Centralized and Decentralized Exchanges The Way Crypto is Traded
Cryptocurrency can be traded through centralized exchanges (CEXs) like Coinbase and Binance, which operate similarly to stock exchanges by processing transactions and managing liquidity. However, decentralized exchanges (DEXs) have gained traction due to their ability to offer greater anonymity and security.
DEXs, which operate on blockchain technology, allow individuals to trade directly with each other, bypassing intermediaries. This decentralized nature makes DEXs less susceptible to hacks, but they are not without risk. On-chain transactions, facilitated by automated smart contracts, can be more complex and may expose users to scams or fraud, especially when dealing with lesser-known tokens.
Lewis-Stempel warns that DEXs, though offering a wider range of tokens and greater decentralization, also present greater risk. He recommends using a hardware wallet to secure funds when engaging with decentralized platforms, as this reduces the likelihood of losing assets due to hacks or fraud.
The Risks of Cryptocurrency
Cryptocurrencies, while offering significant opportunities, are also fraught with risks. The most significant risk is volatility. Prices can surge dramatically in short periods, but they can also collapse just as quickly. As Lewis-Stempel notes, “You should be aware that you're dealing with a very volatile, high-risk asset class. The further removed you get from established coins like Bitcoin, the higher the risk.”

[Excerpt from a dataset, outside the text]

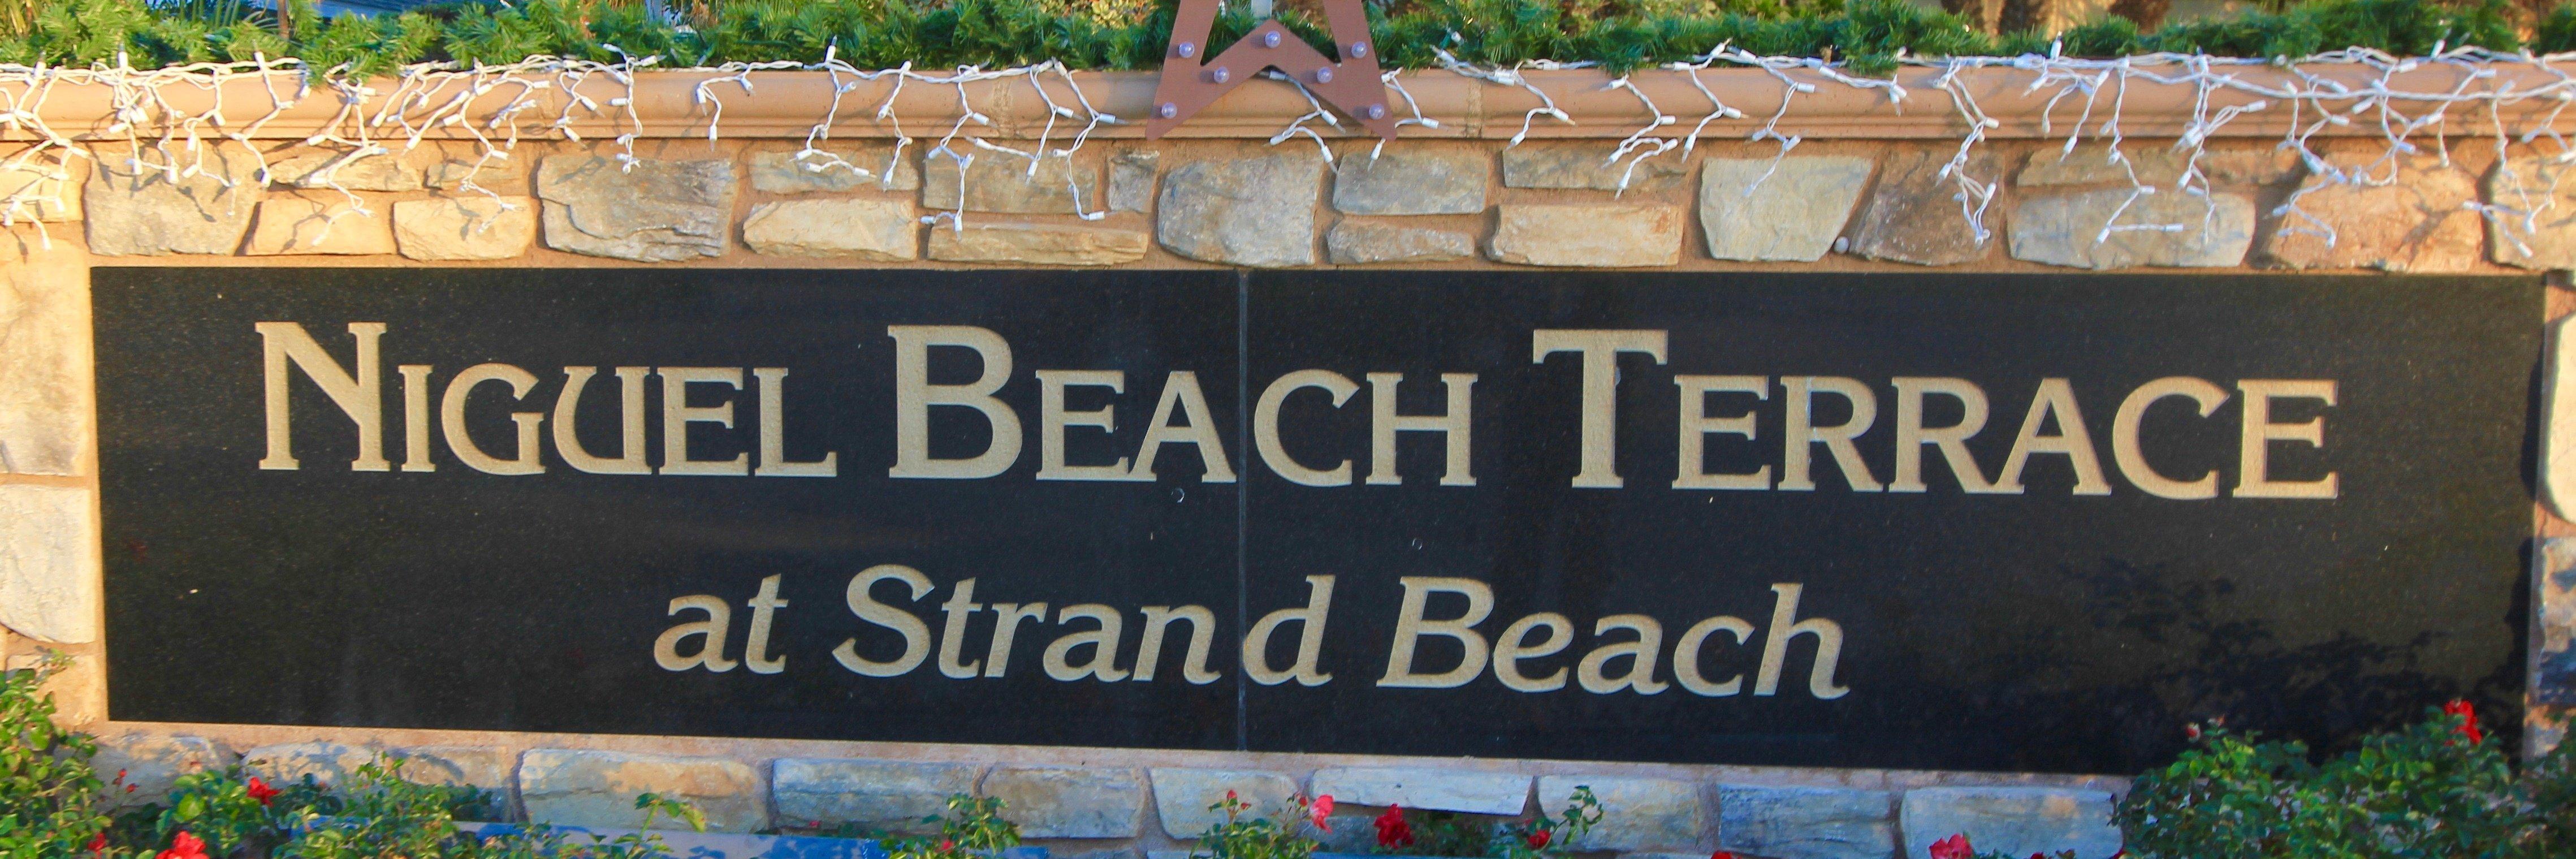 Niguel Beach Terrace Community Marquee located in Dana Point Ca

Additionally, the risk of fraud and scams is an ever-present concern in the cryptocurrency space. Goodman warns that unsolicited offers to manage crypto holdings are often scams, designed to steal funds from unsuspecting users. It’s crucial for those engaging in the crypto market to remain vigilant and skeptical of any offers that sound too good to be true.
When to Exit the Crypto Market
Timing the market is notoriously difficult, especially in the highly volatile world of cryptocurrencies. However, understanding when to exit or reduce holdings is an essential aspect of managing risk. Many crypto enthusiasts, like Lewis-Stempel, acknowledge that holding onto Bitcoin and Ethereum since their inception would have resulted in substantial wealth. However, for the majority of participants, gains have been far more modest.

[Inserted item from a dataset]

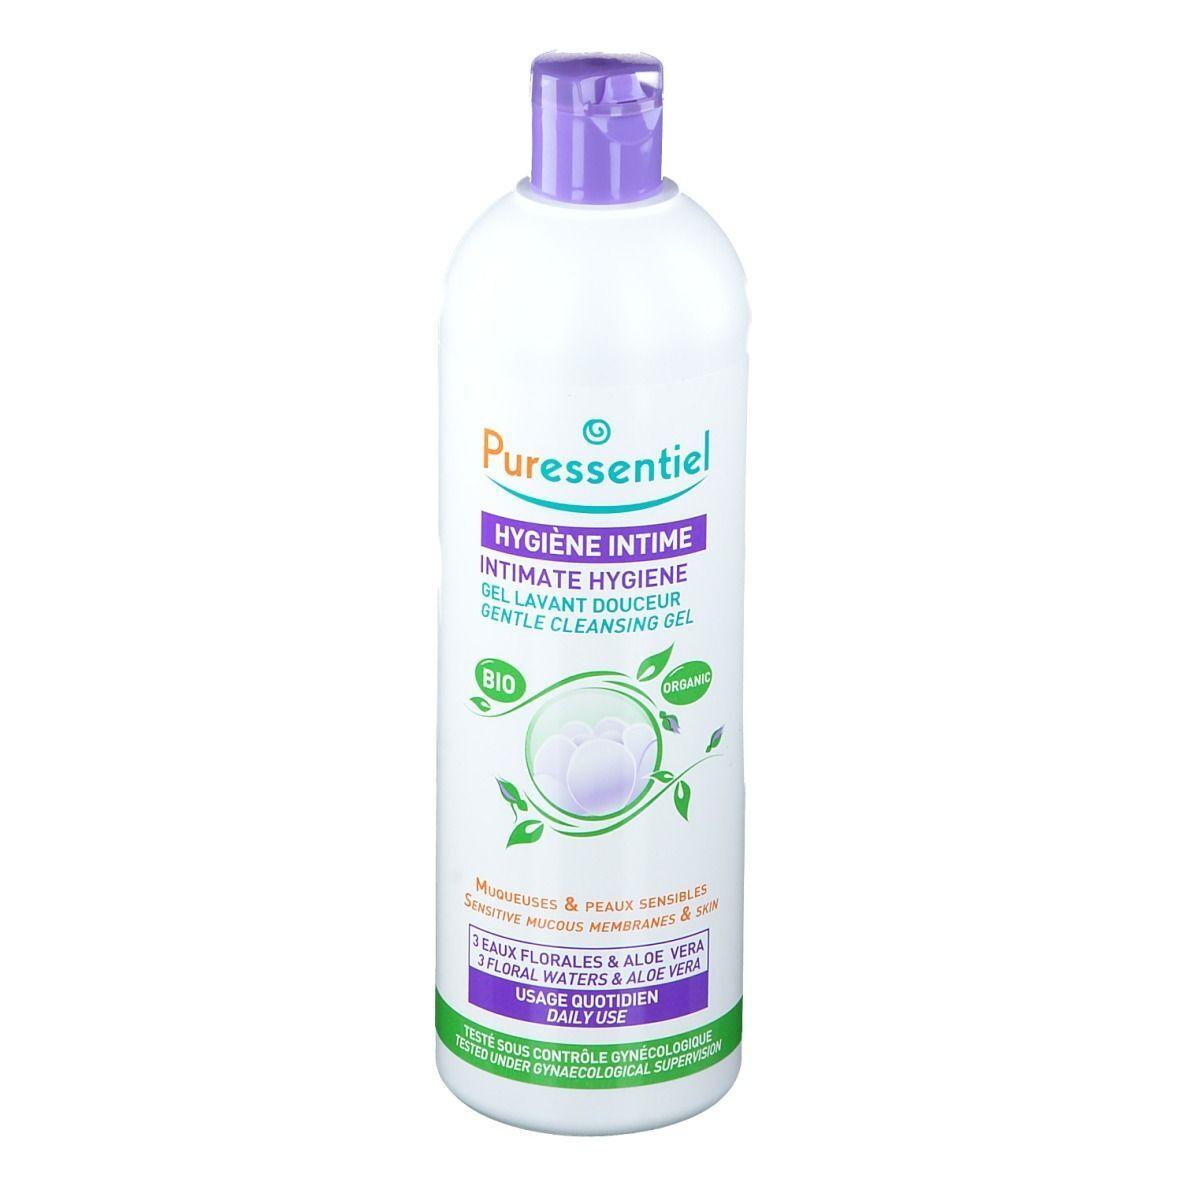 Puressentiel Hygiène Intime Gel Lavant Douceur Bio ml gel(s)

Lewis-Stempel suggests a strategy of partial exits, where investors sell a portion of their holdings as prices rise but leave some in place in case the price continues to climb. This approach helps to manage risk while still keeping some exposure to potential gains.
Peters from Etoro suggests that for most participants, it’s wise to focus on higher-market cap cryptocurrencies like Bitcoin and Ethereum, which have demonstrated resilience over time. By doing so, individuals may mitigate the risks associated with investing in smaller, less established coins.
Tax Implications of Cryptocurrency Trading
It’s important to be aware of the tax implications when trading cryptocurrencies. Like traditional investments, any gains made through cryptocurrency are subject to capital gains tax (CGT). The calculation involves determining the difference between the purchase price and the sale price of the crypto asset, and any gains exceeding the annual tax-free allowance are taxable.
In the UK, the capital gains tax allowance is £3,000 per year, meaning that any gains above this threshold are subject to tax. It’s also possible to offset losses from crypto transactions against gains, potentially reducing the overall tax liability.
Navigating the Crypto Market's Challenges
The cryptocurrency market continues to evolve, offering both opportunities and risks for those involved. Bitcoin and Ethereum stand out as long-term growth assets, while altcoins offer a diverse range of technological innovations. Memecoins, however, remain a high-risk, speculative area with the potential for substantial volatility.
As the market matures, so too does the need for cautious strategies. Staying informed about market trends, understanding risk management, and navigating the complexities of both centralized and decentralized exchanges are all critical aspects of engaging with cryptocurrency effectively.